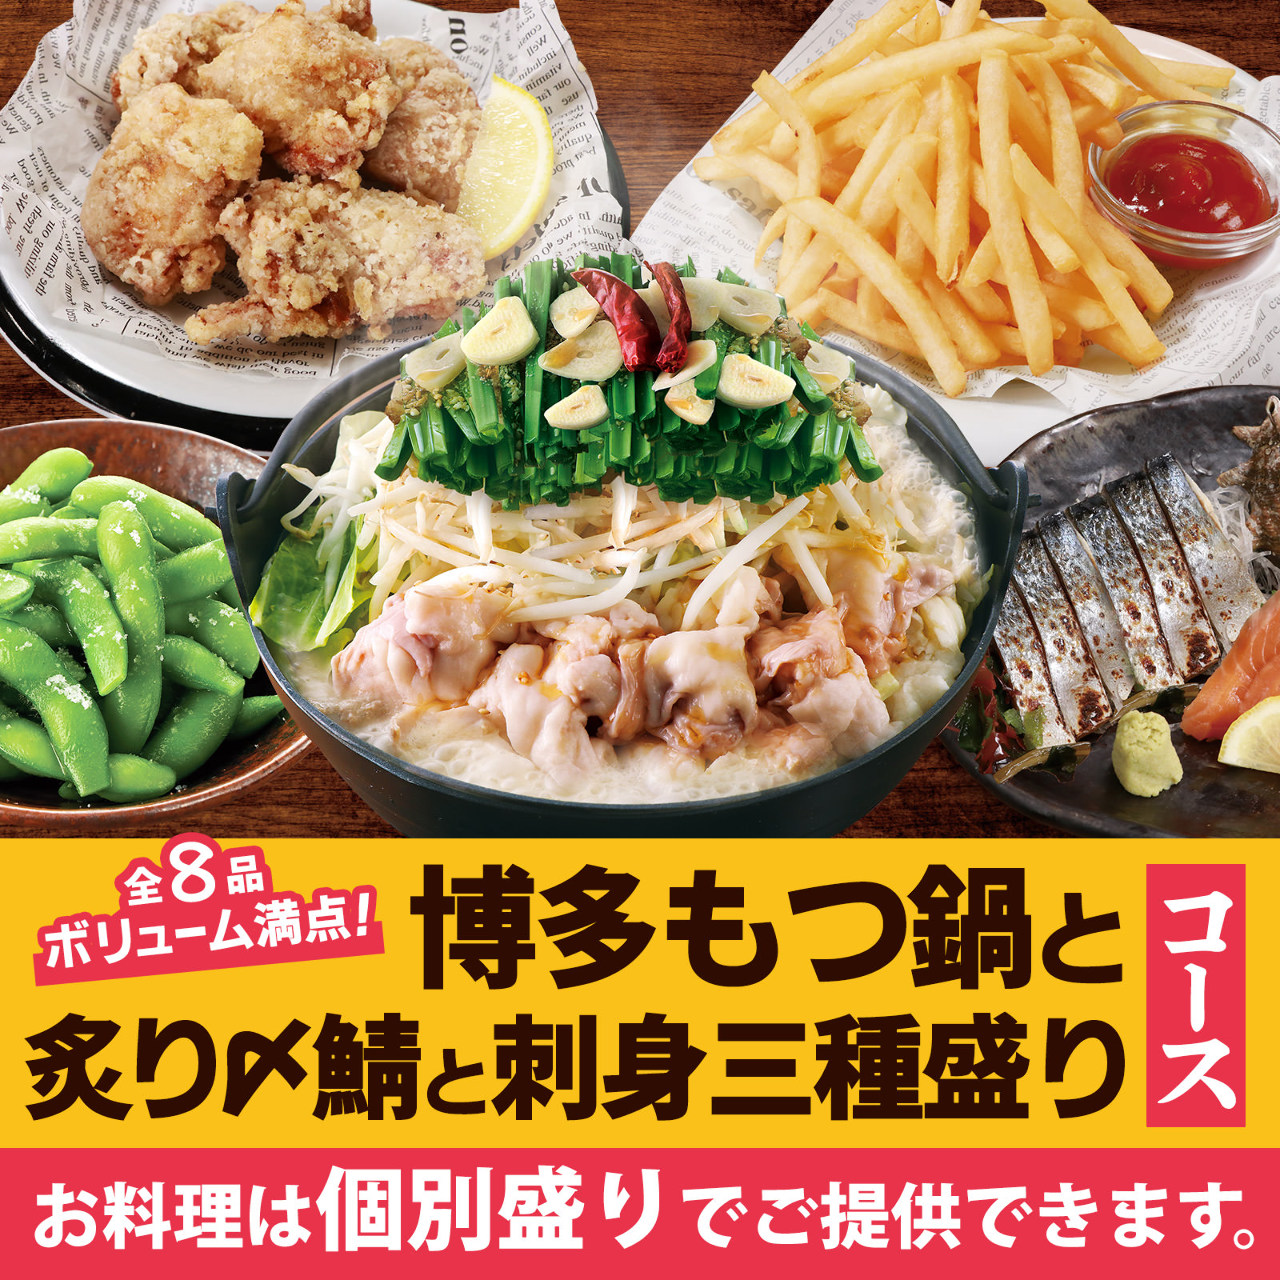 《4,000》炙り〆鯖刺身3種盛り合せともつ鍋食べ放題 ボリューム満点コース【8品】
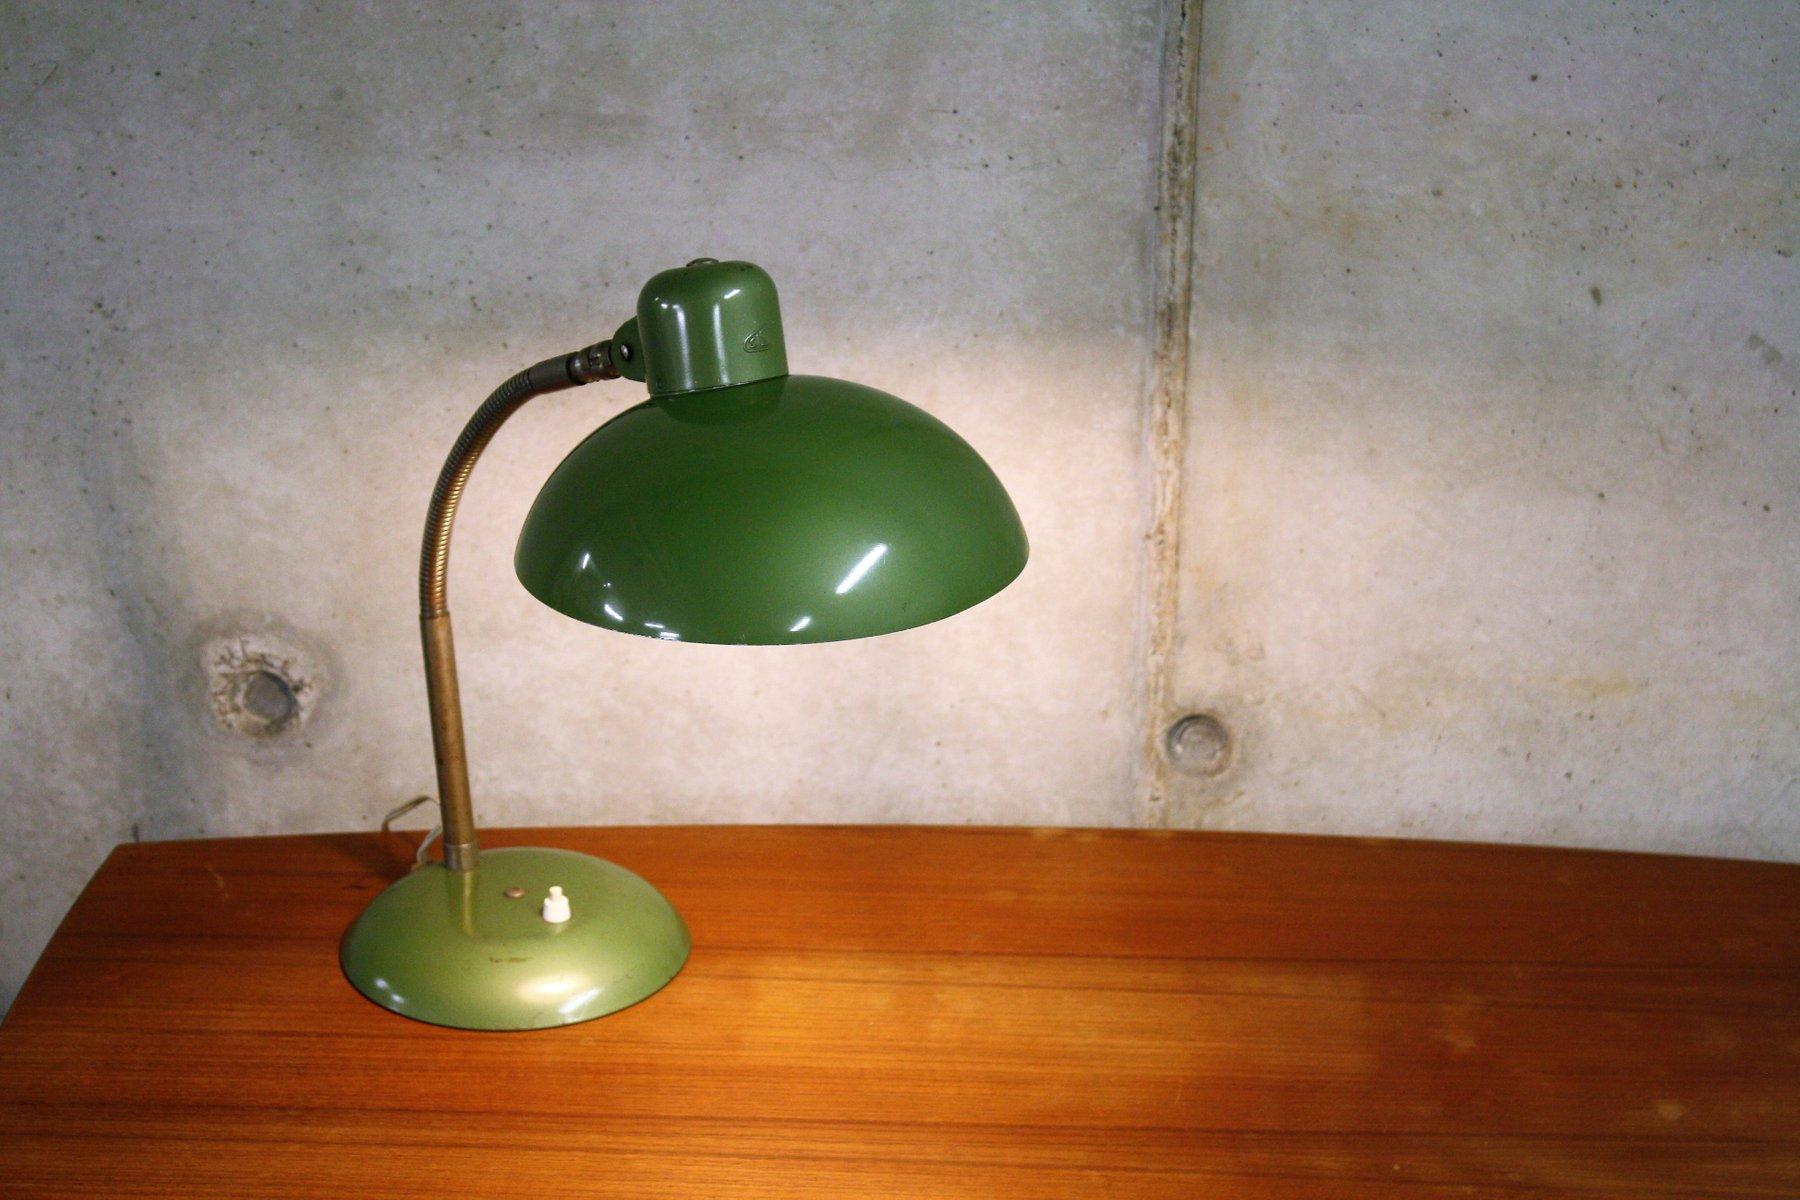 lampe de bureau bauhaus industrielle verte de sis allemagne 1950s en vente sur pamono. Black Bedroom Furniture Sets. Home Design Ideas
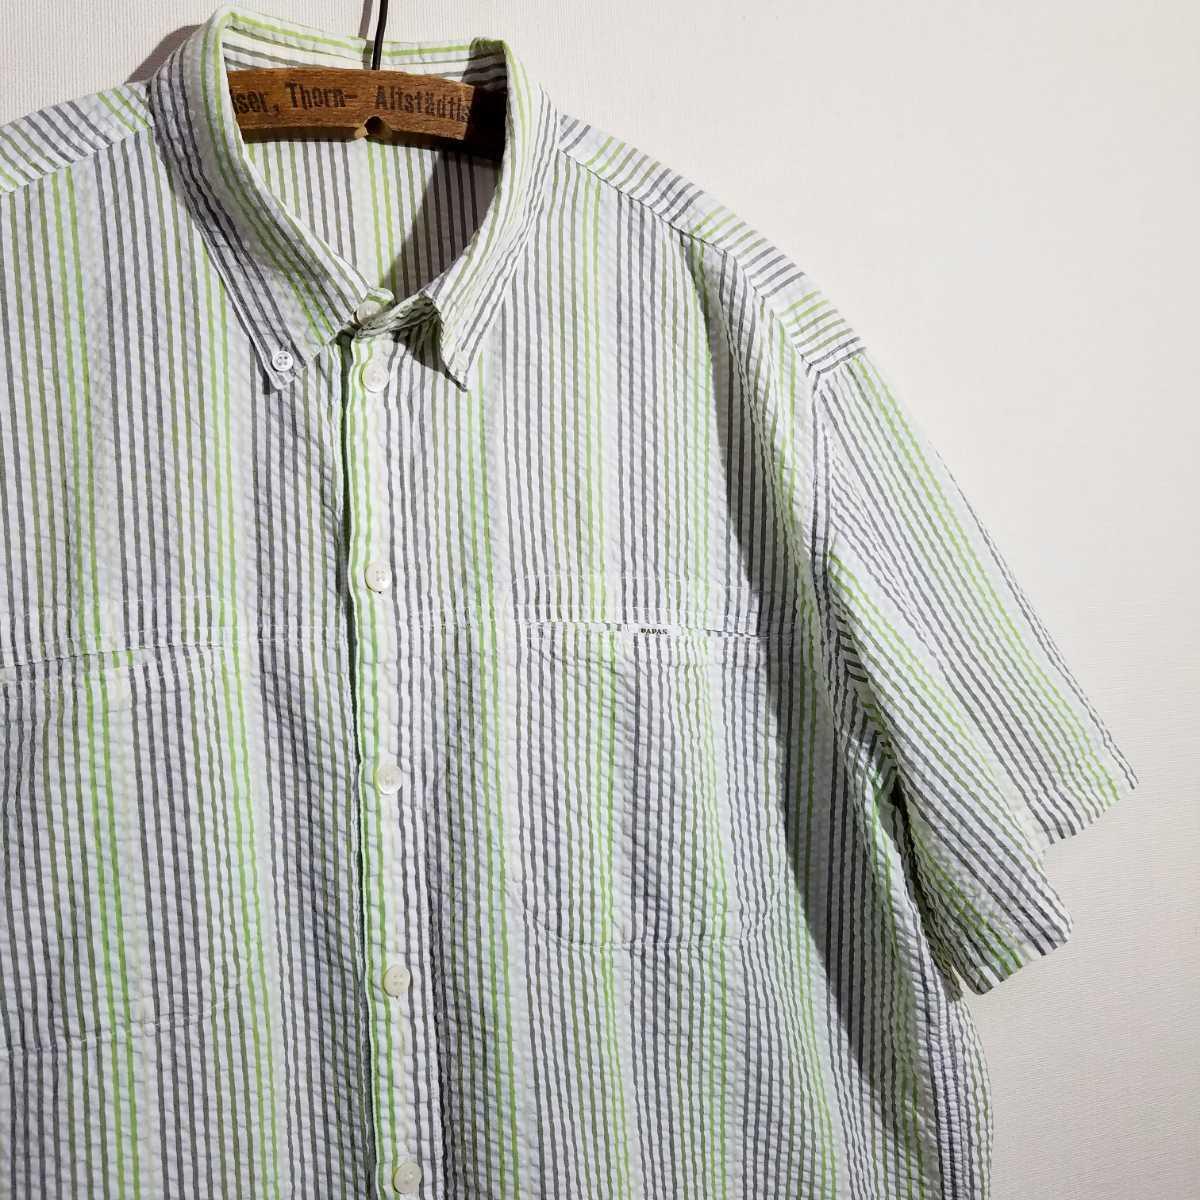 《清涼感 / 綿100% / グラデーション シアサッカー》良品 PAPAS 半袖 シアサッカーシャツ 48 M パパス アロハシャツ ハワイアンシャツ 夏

AIM OF THE EXERCISE
For this exercise, repeat word for word only the lines from the one containing "lampe de bureau" through the end of the data, including both. Pictures do not go in the copy.

ANSWER
 lampe de bureau bauhaus industrielle verte de sis allemagne 1950s en vente sur pamono. Black Bedroom Furniture Sets. Home Design Ideas
 《清涼感 / 綿100% / グラデーション シアサッカー》良品 PAPAS 半袖 シアサッカーシャツ 48 M パパス アロハシャツ ハワイアンシャツ 夏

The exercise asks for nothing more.